Hi all - not sure if this is the right forum for SSIS questions, if it is not, please let me know which one I should be using.
I have a task that requires me to take a raw data set, and process it into a set of tables for different information - we'll call them tables A, B, and C.
One particular aspect of this task is that table B has a foreign key tying it to table A, and table C has a foreign key tying it to tables A and B - though the foreign key of the table C record tying it to table A need not be the same as that of the record that it is linked to in table B. EG:
BID AID BRecord
1 1 jkl
2 1 mno
3 3 pqr
CID BID AID ARecord
1 1 1 stu
2 3 2 vwx
3 3 3 yz
The method which I've undertaken to handle this task is to use SSIS to build table A from the raw data set first. Once this is done, table B is built from the raw data set, with table A used as a lookup to supply the AID. Finally, the table C is built, with address tables A and B used as lookups for the AID and BID fields respectively.
Now, this task works perfectly fine when the data sets are small enough. The machine on which this process is running has 16gb of memory, and so it can handle pretty intense queries. However, the way in which the lookups are working is using a ridiculous amount of memory, too much even for the machine to handle.
One raw data set contains some 10 million odd records. When processed into its respective tables A and B, it yields about 8 million table A records and about 10 million table B records. When the task to build table C is executed, the lookups for the tables A and B take up about 7gb of memory each, which causes the task to grind to a halt after processing around 2 million records.
We were initially using a full cache for the lookups; after some research I discovered that full cache requires there to be enough memory space to handle caching of the entire table, and should that space become unavailable, the task would fail. Partial cache was the next attempt we used, however, the problem with partial caching is that the process took far too long to execute, since the lookups against the table on the database level were far too slow.

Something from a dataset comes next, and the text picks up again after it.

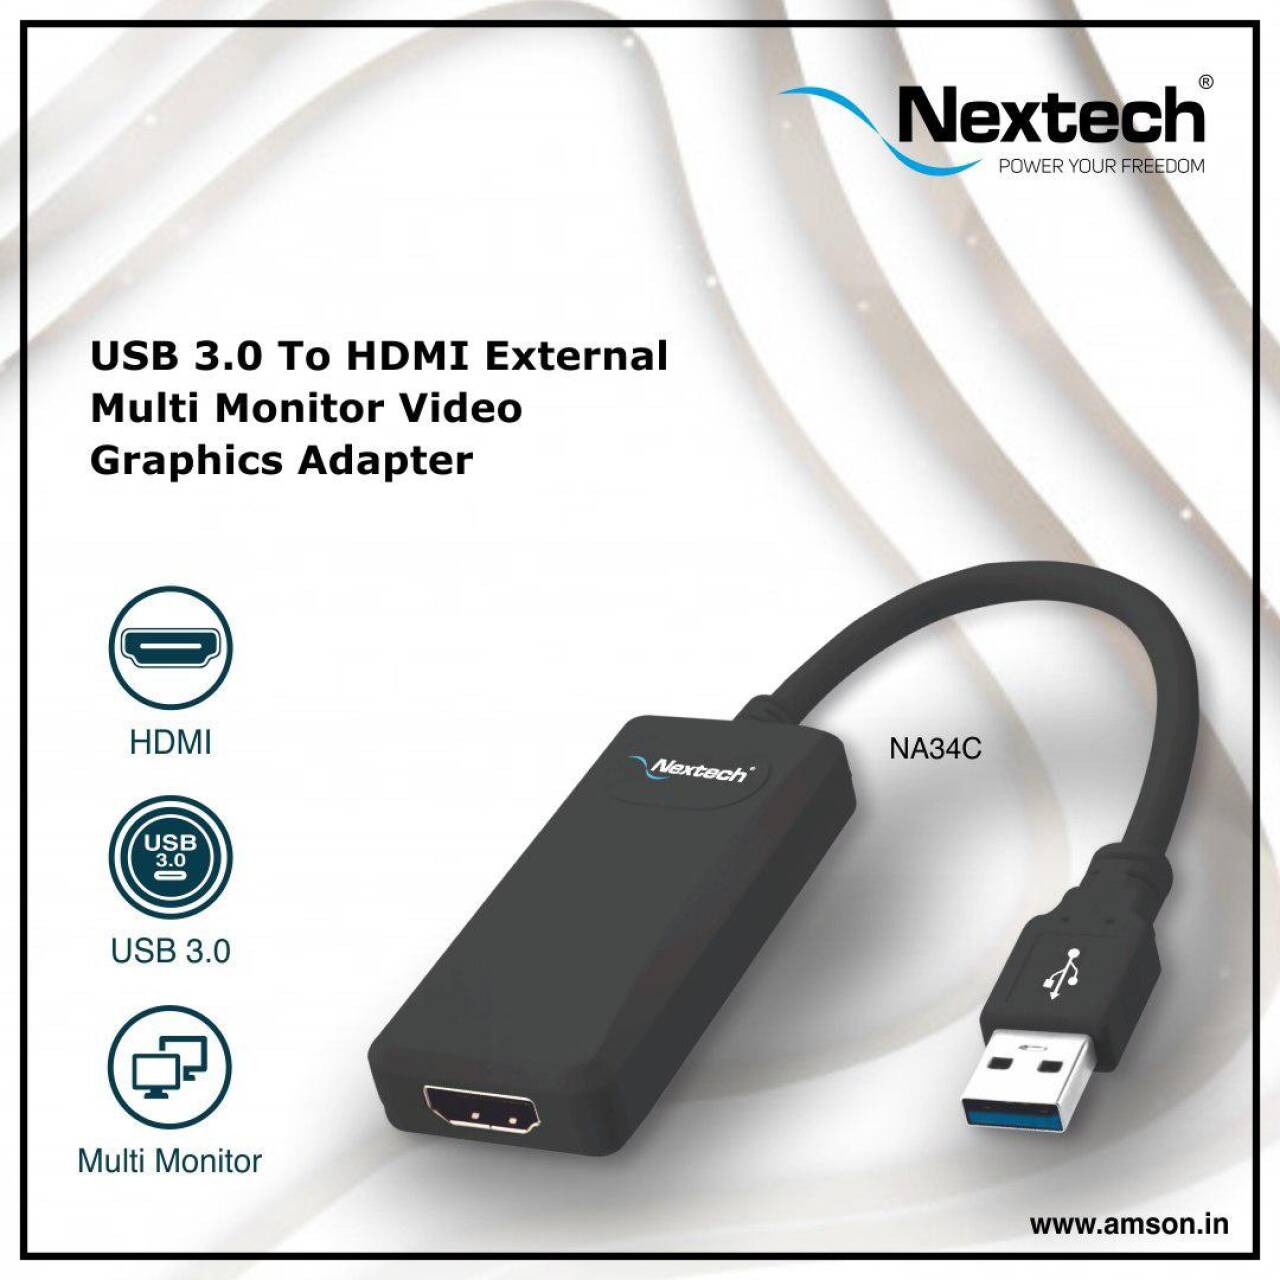 PC/タブレット PC周辺機器 USB 3.0 to HDMI Adapter

The attempt which I plan on trying next, is to split the build table C into four sets, by dividing the raw data source in four. This would result in the lookups against tables A and B processing far fewer records each, and should allow the entire process to be completed successfully.
However this approach is a bit cumbersome, because it requires me to duplicate the task four times and change the respective queries. Further, every time I add to the raw data source, I'll need to re-think the splitting such that the tasks become manageable.
Is there a better approach to handling this requirement, or is my approach the optimal to handle the task?